アトピー素因(※)のある人が、痰のからまない咳を1ヶ月以上していたら、それはアトピー咳嗽かもしれません。
気管支拡張薬が全く無効で、ヒスタミンH1-拮抗薬とステロイド薬が有効な乾性咳嗽を呈する疾患概念として、1989年に我が国から提唱された疾患概念です。「アトピー素因」とは、過去、現在または将来に、アレルギー疾患を発症した、発症している、または発症する可能性のある素因を意味していますが、IgE抗体産生を意味する狭義の意味ではありません。
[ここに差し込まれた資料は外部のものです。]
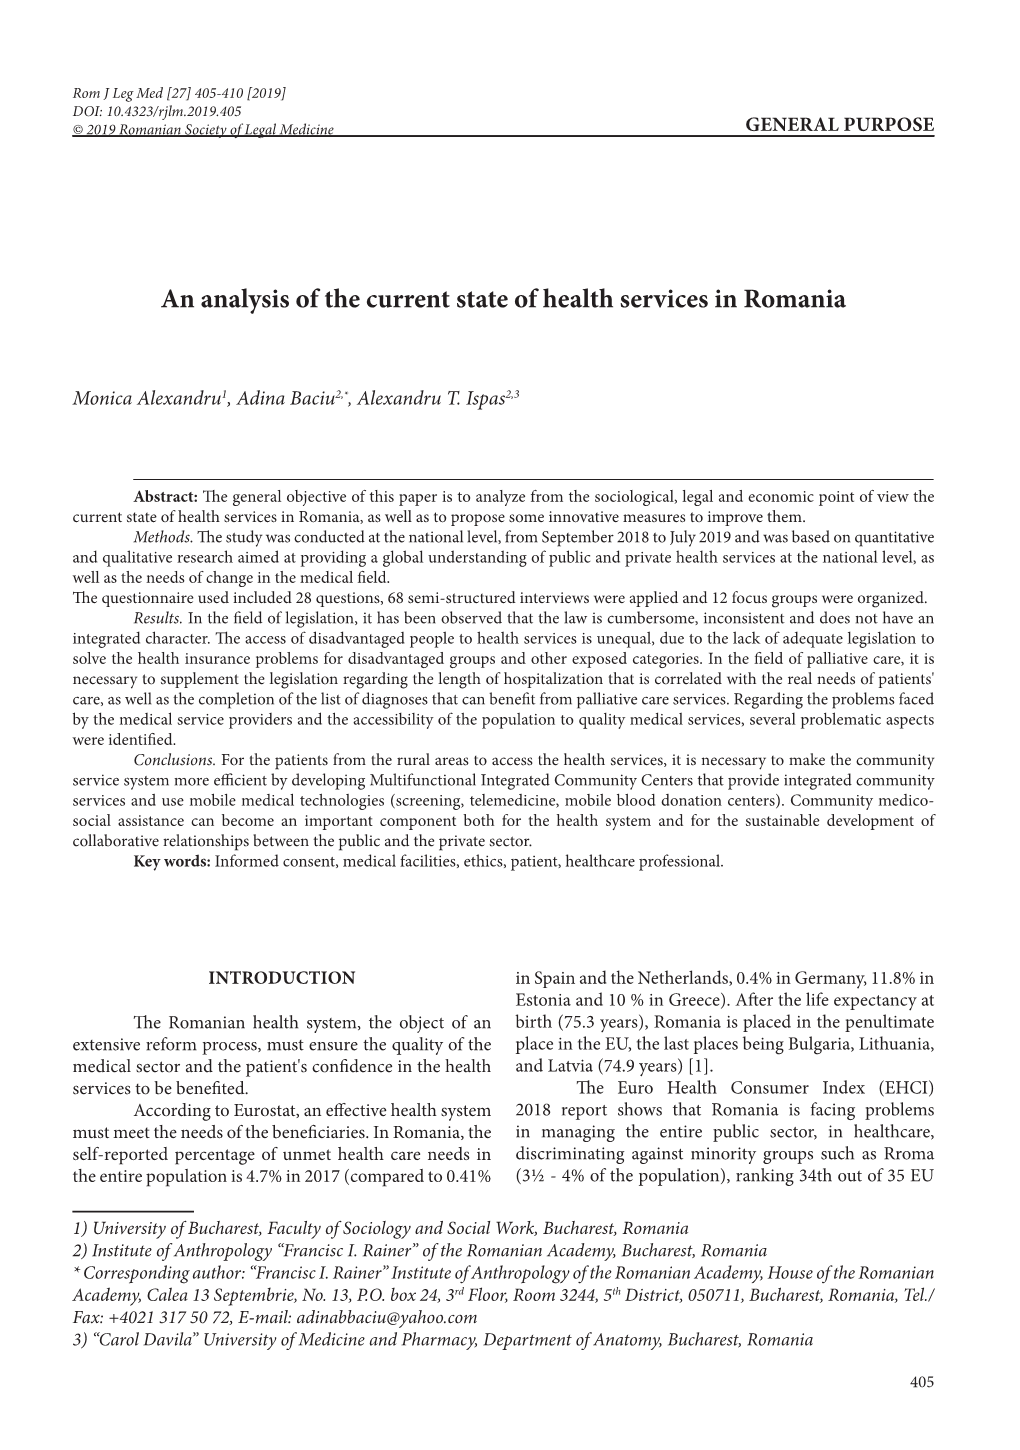 An Analysis of the Current State of Health Services in Romania

アトピー咳嗽は、好酸球性炎症が中枢気道のみであり末梢気道には認めない点が、咳喘息と大きく異なる病態です。

喘鳴や呼吸困難を伴わない乾性咳嗽が3週間以上持続
気管支拡張薬が無効
アトピー素因を示唆する所見 (※)
または誘発喀痰中好酸球増加の1つ以上を認める
ヒスタミンH1-拮抗薬または/およびステロイド薬にて咳嗽発作が消失

1 喘息以外のアレルギー疾患の既往あるいは合併
2 末梢血好酸球増加
3 血清総IgE値の上昇
4 特異的IgE陽性
5 アレルゲン皮内テスト陽性

この治療的診断では、気管支拡張薬が無効なために咳喘息が否定できていて、ヒスタミンH1-拮抗薬ないしステロイド薬で軽快することが診断根拠となっています。アトピー咳嗽は、喘息への移行を認めませんので、症状が軽快すれば治療を中止できます。